The Vision Transformer differs from convolutional architectures in that it operates on a single scale and has a receptive field that covers the whole images. Several approaches that process the image at multiple scale have been proposed. Similar to convolutional networks, these generally start with small high-resolution patches and few channels and gradually enlarge the receptive field, decrease the spatial resolution, and increase the number of channels (embedding dimension).
Swin Transformer
The Swin Transformer (shifted-window) is a representative example. This is an encoder transformer that divides the image into patches and groups these patches into a grid of windows within which self-attention is applied independently. These windows are shifted in adjacent transformers, so the effective receptive field at a given patch can expand beyond a window border.
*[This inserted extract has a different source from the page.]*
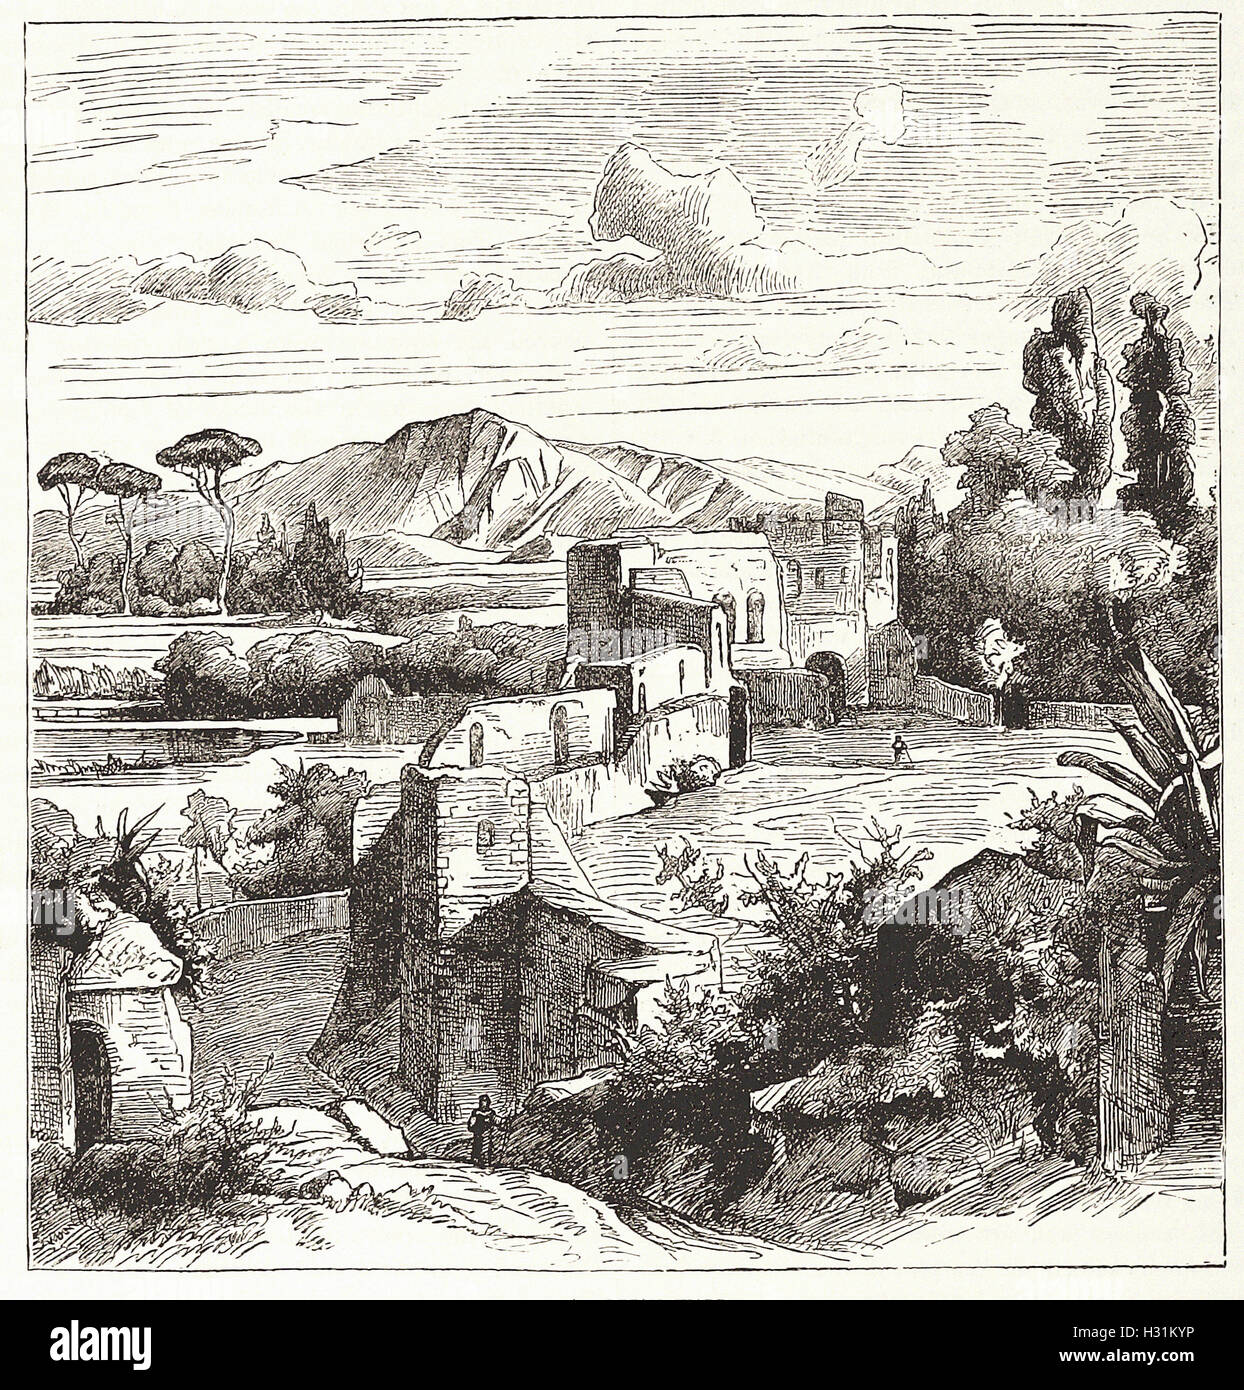 Le mur d'Aurélien. Avec une partie de la Campagna, et les montagnes en arrière-plan de Sabine - de 'Cassell's Illustrated Histoire universelle" - 1882 Banque D'Images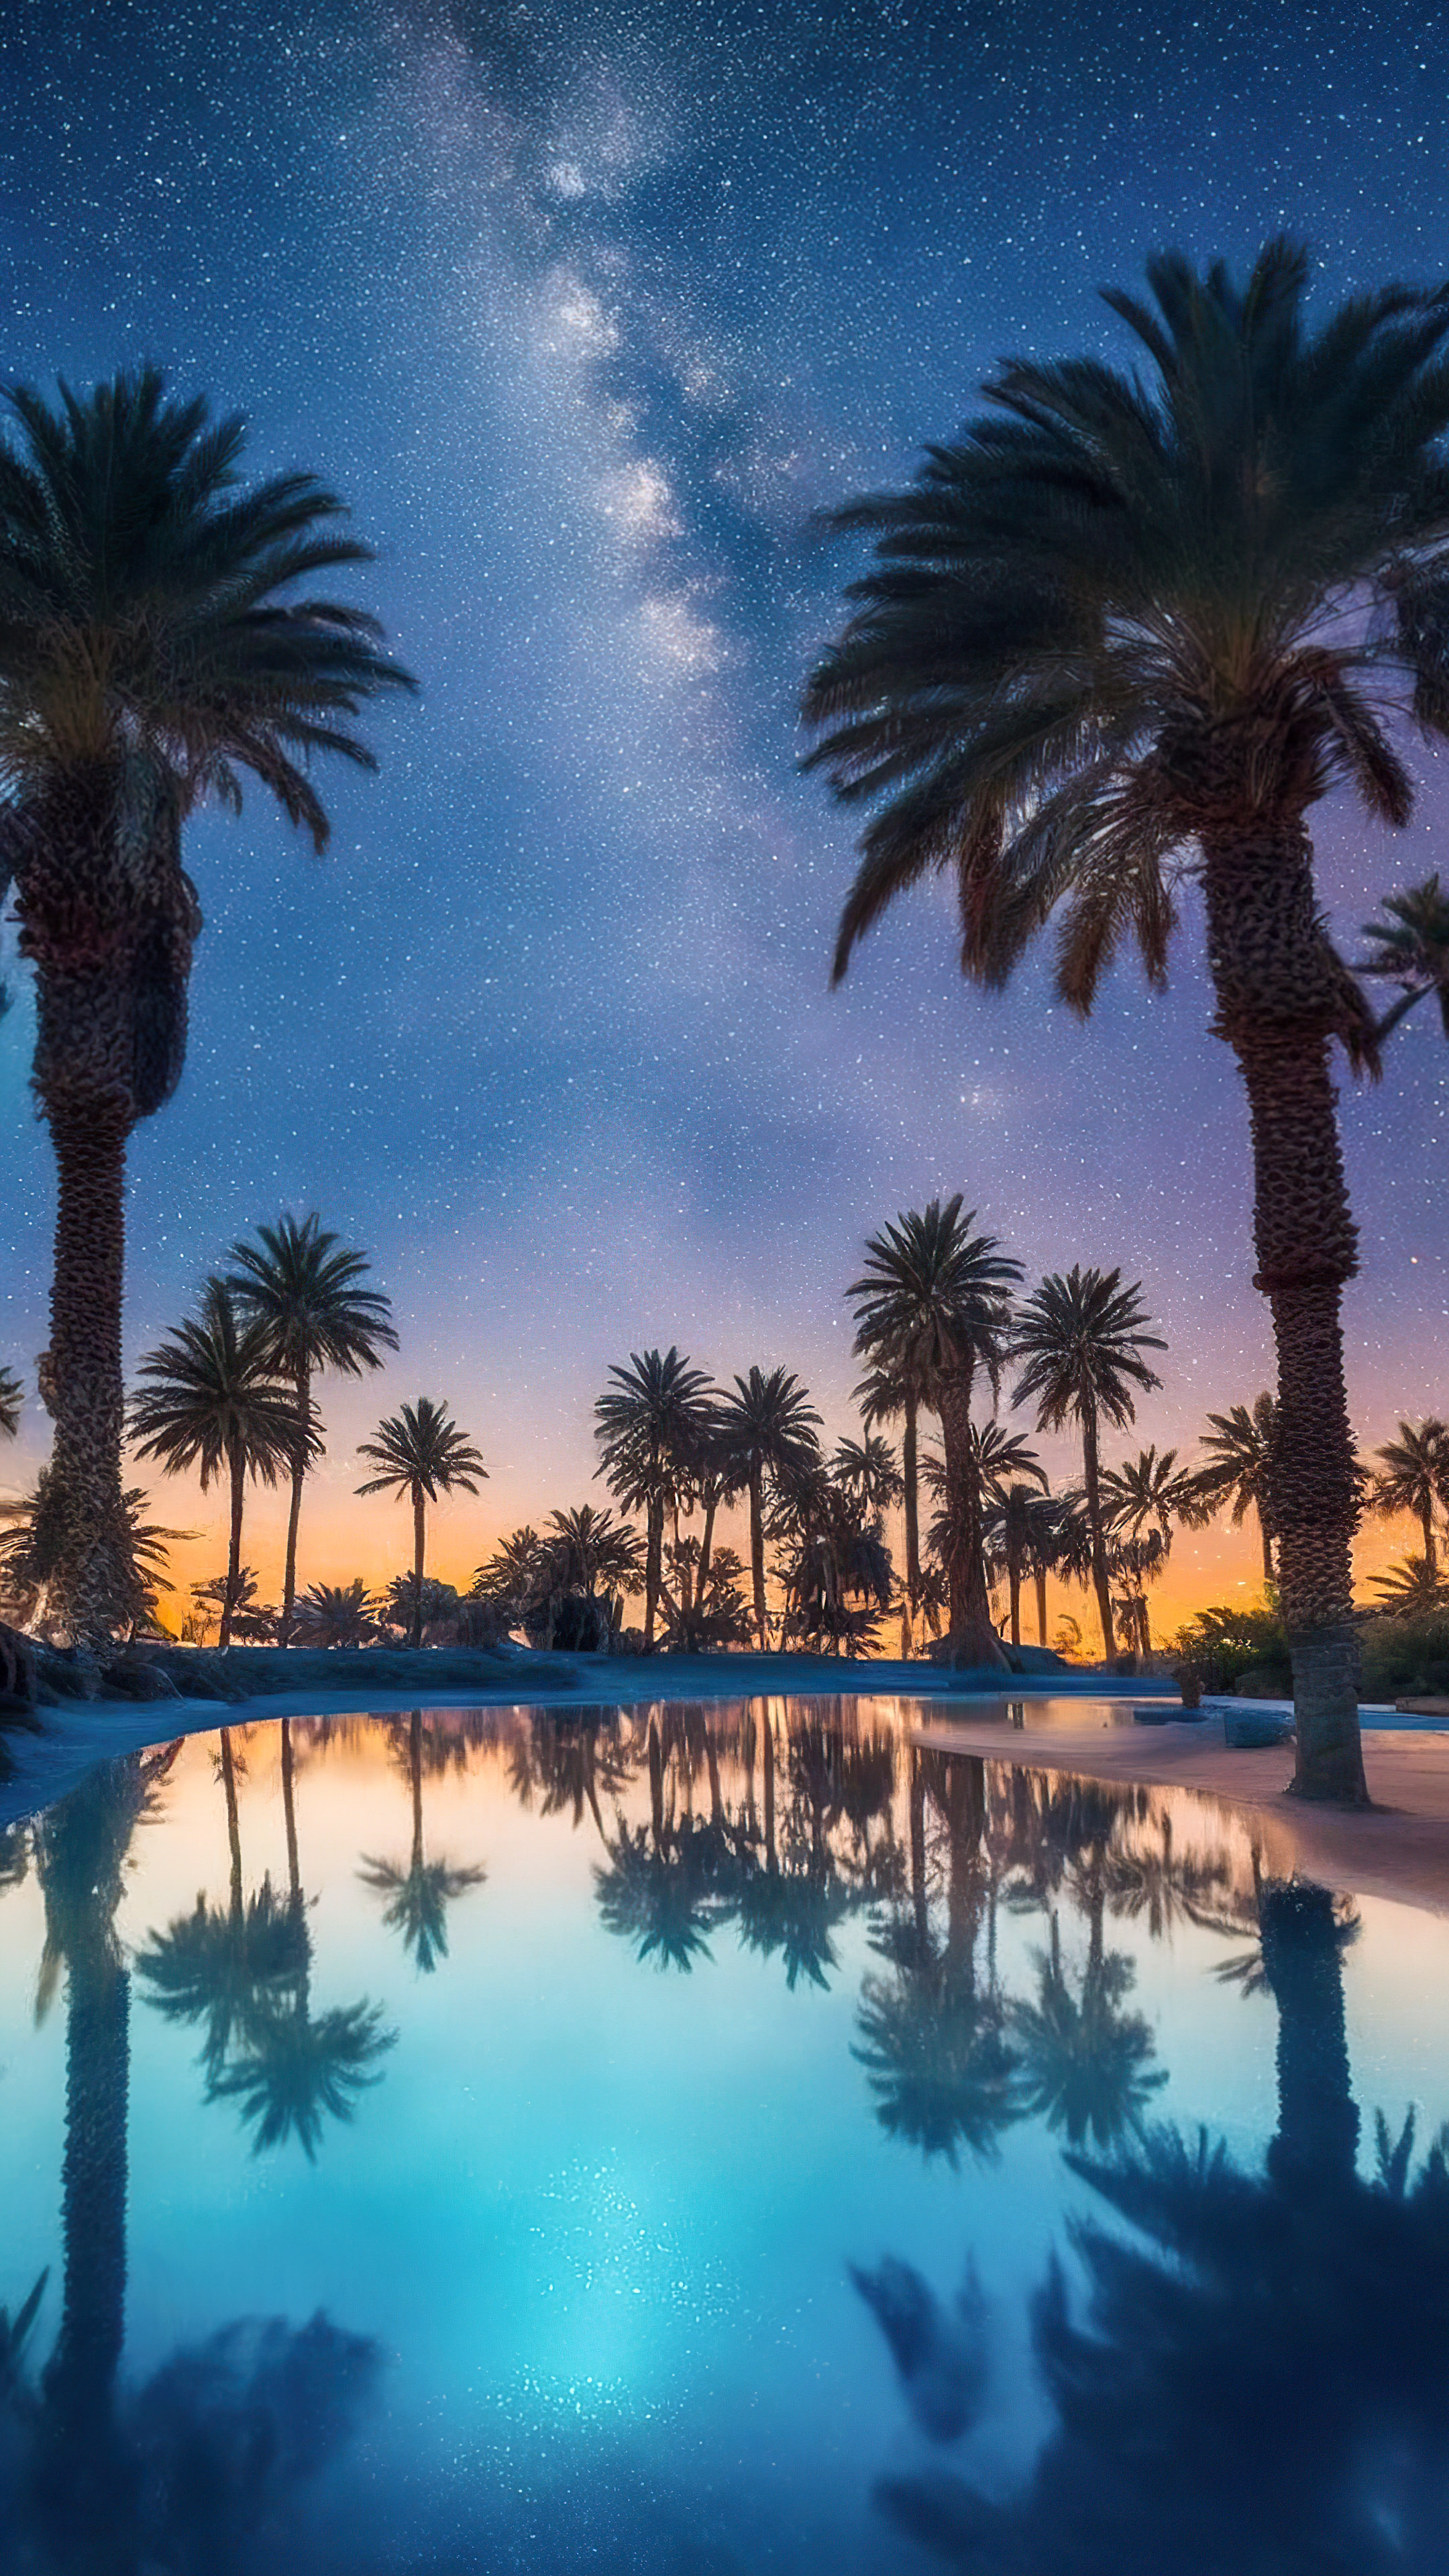 Émerveillez-vous devant la beauté de notre fond d'écran de ciel étoilé, capturant une oasis désertique sous la Voie lactée, où des palmiers entourent une piscine sereine et étoilée.

The scale is reduced periodically by concatenating features from non-overlapping 2x2 patches and applying a linear transformation that maps these concatenated features to twice the number of channels. This architecture does not have <cls> token but instead averages the output features at the last layer. These are then mapped via a linear layer to the desired number of classes and passed through a softmax function to output class probabilities.
DaViT
The Dual attention vision transformer (DaViT) integrates information from across the whole image periodically. This is done by alternating two types of transformers.
- In the first, image patches attend to one another, and the self-attention computation uses all the channels.
- In the second, the channels attend to one another, and the self-attention computation uses all the images patches.